Below are some records. Return exactly the lines from the one containing "Розовая свеча для графика в PNG, SVG" through the one containing "Médecin asiatique senior", both included, and only those.

─── Data under study

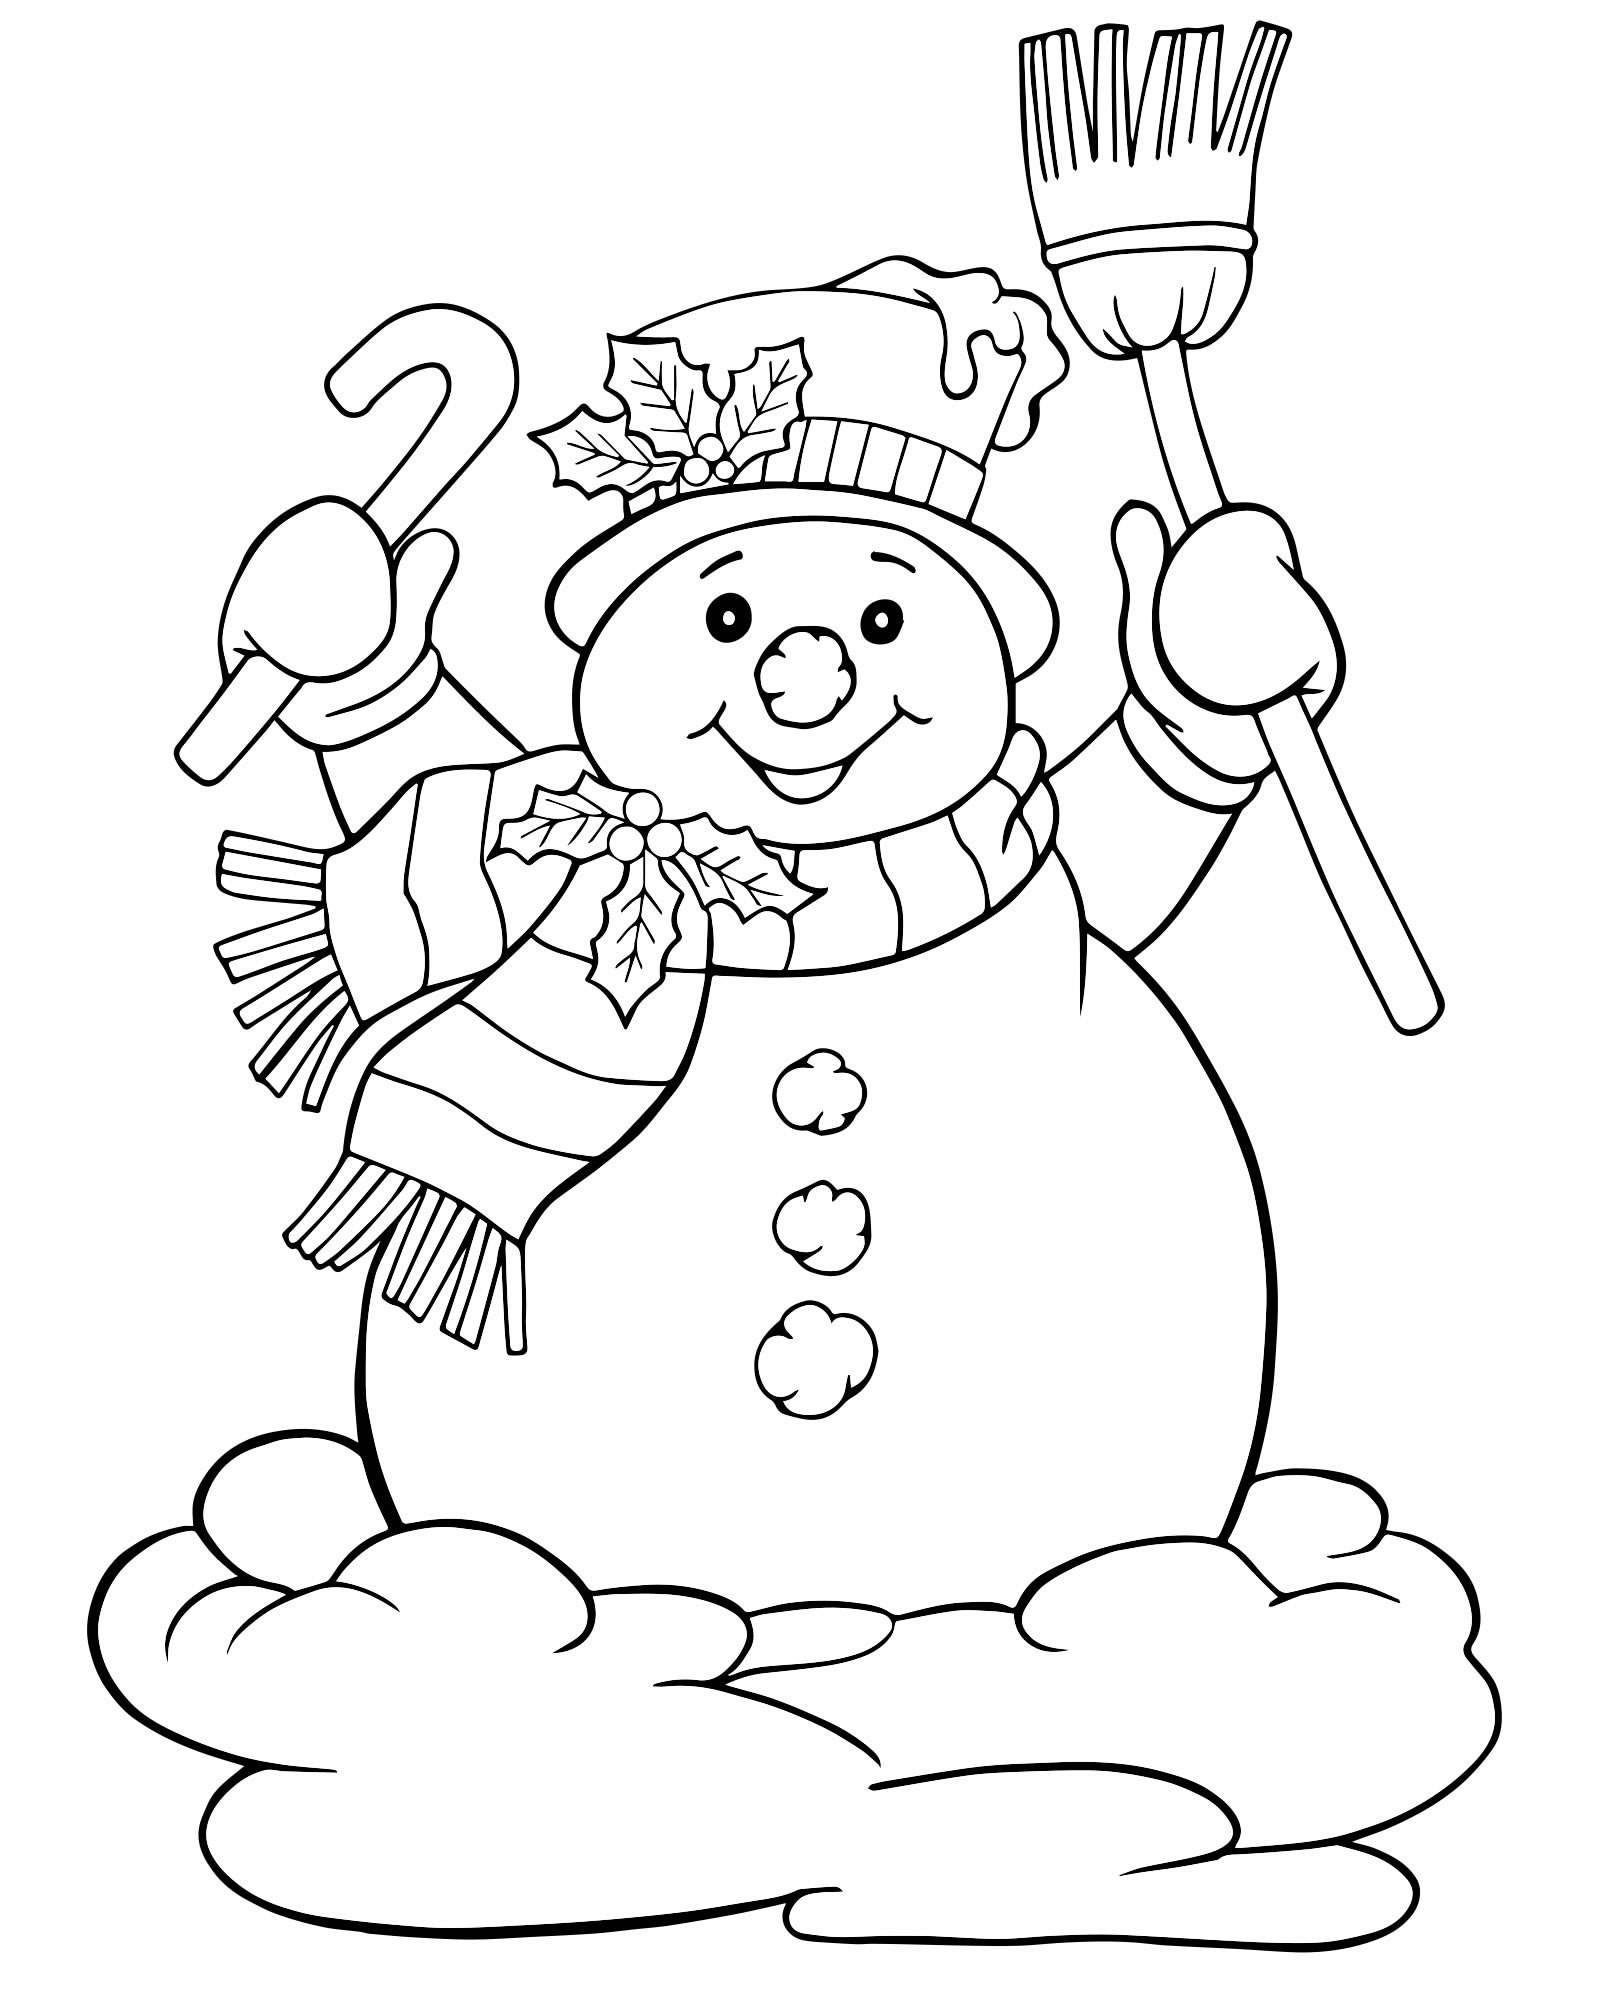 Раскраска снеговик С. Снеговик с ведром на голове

──────
─── Data under study

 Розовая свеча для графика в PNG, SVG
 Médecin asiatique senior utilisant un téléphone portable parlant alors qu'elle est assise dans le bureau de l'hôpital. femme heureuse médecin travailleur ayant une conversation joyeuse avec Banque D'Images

──────
─── Data under study

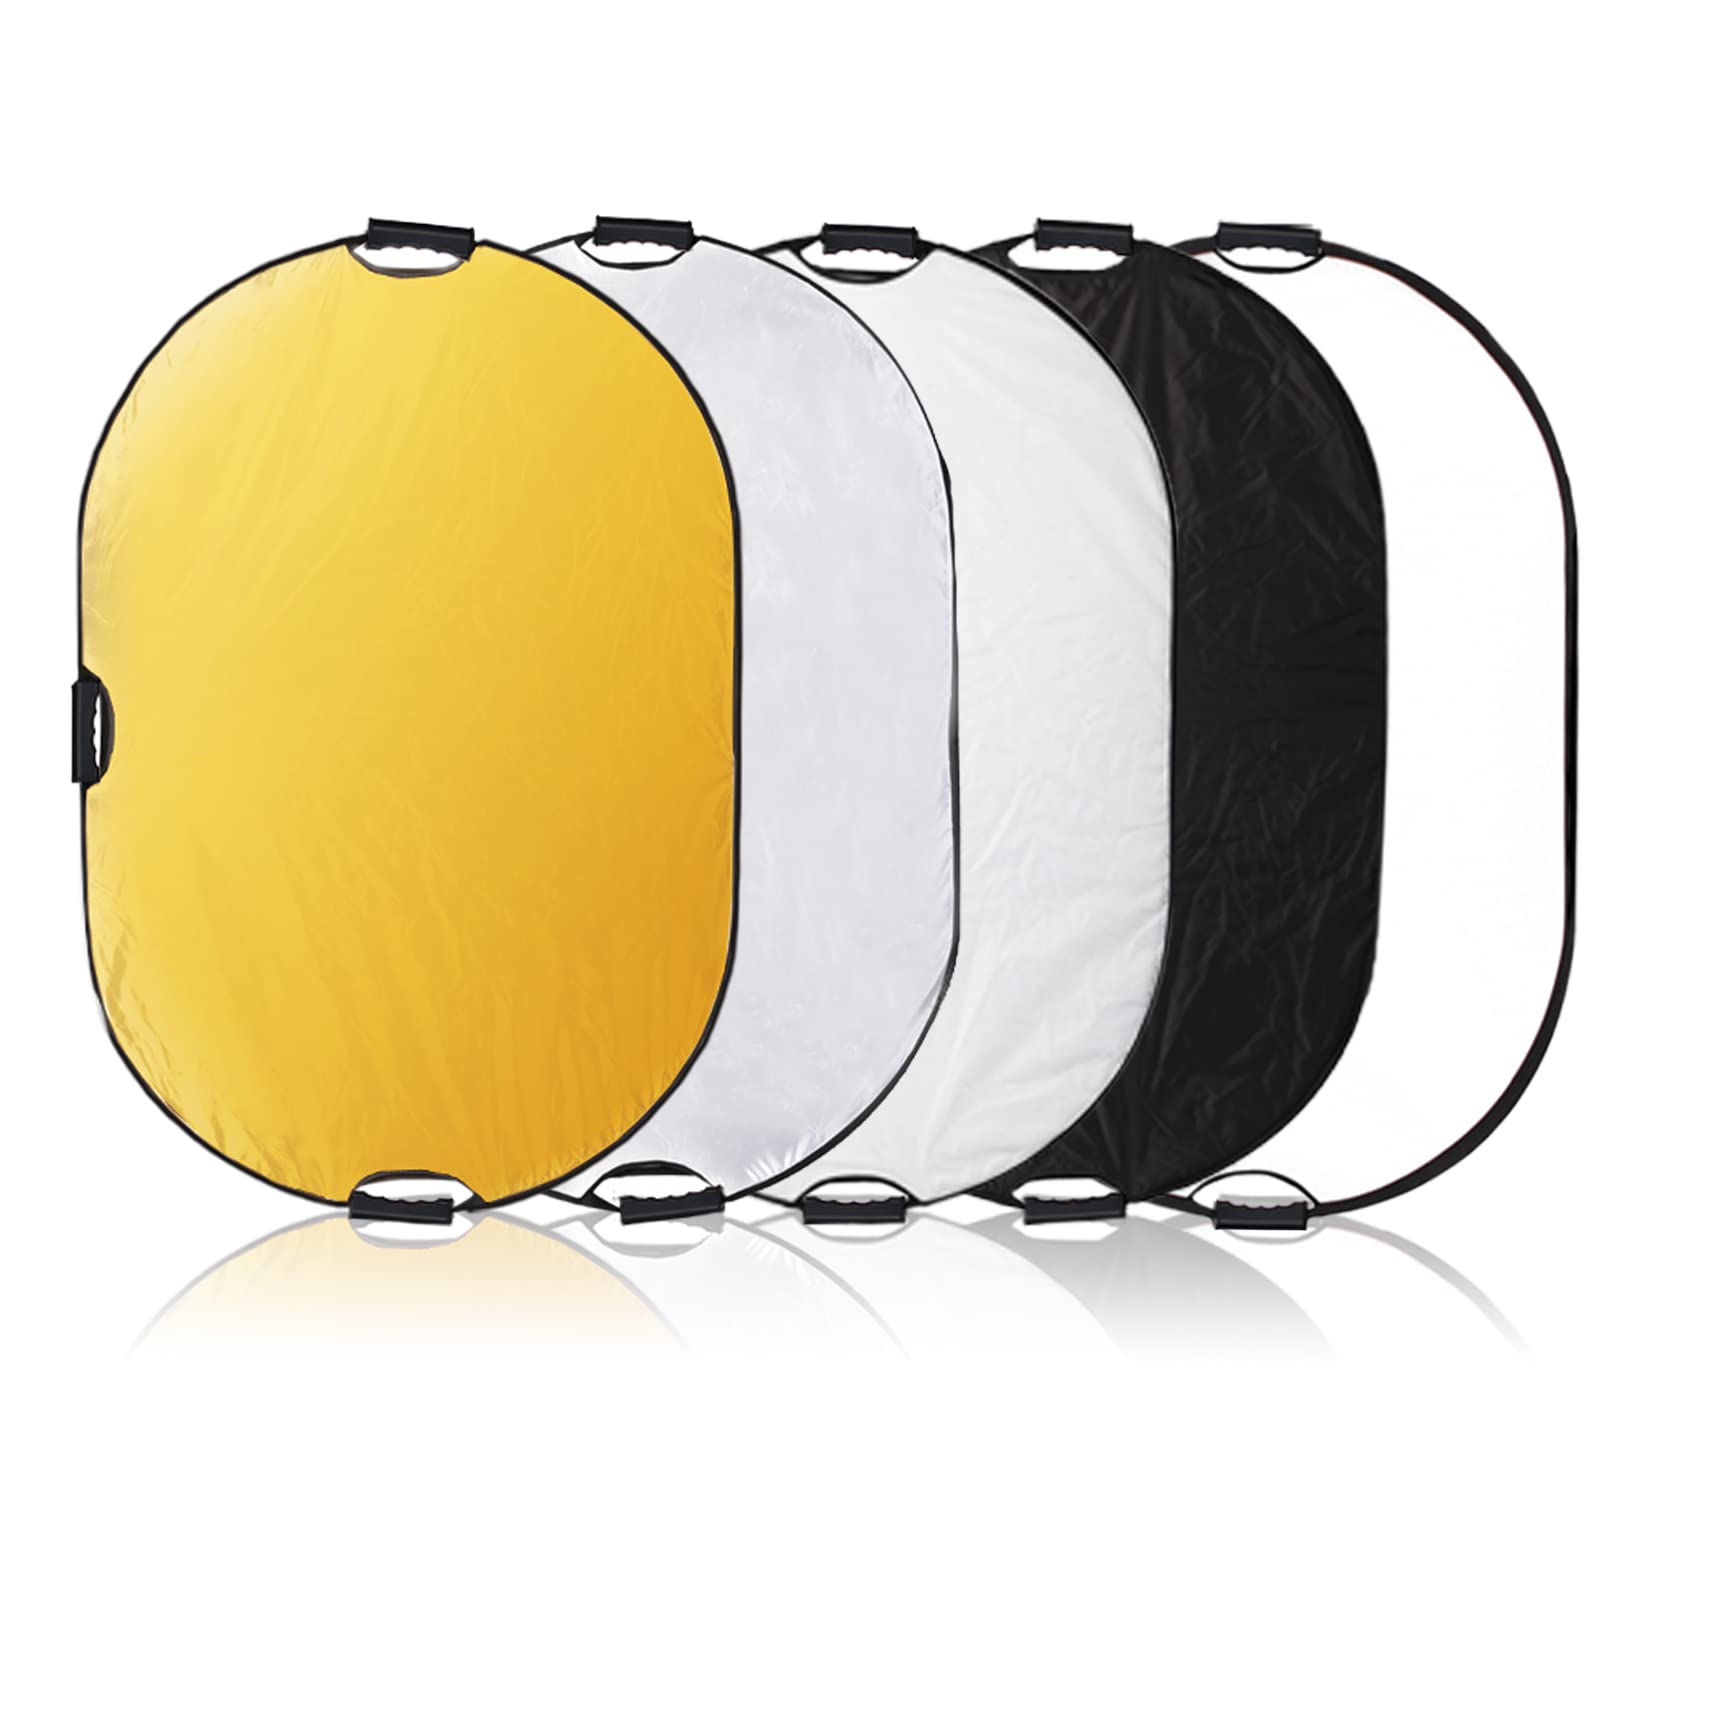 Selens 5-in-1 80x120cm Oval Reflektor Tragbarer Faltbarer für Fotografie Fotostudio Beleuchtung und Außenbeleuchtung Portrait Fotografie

──────

- _Written response_
 Розовая свеча для графика в PNG, SVG
 Médecin asiatique senior utilisant un téléphone portable parlant alors qu'elle est assise dans le bureau de l'hôpital. femme heureuse médecin travailleur ayant une conversation joyeuse avec Banque D'Images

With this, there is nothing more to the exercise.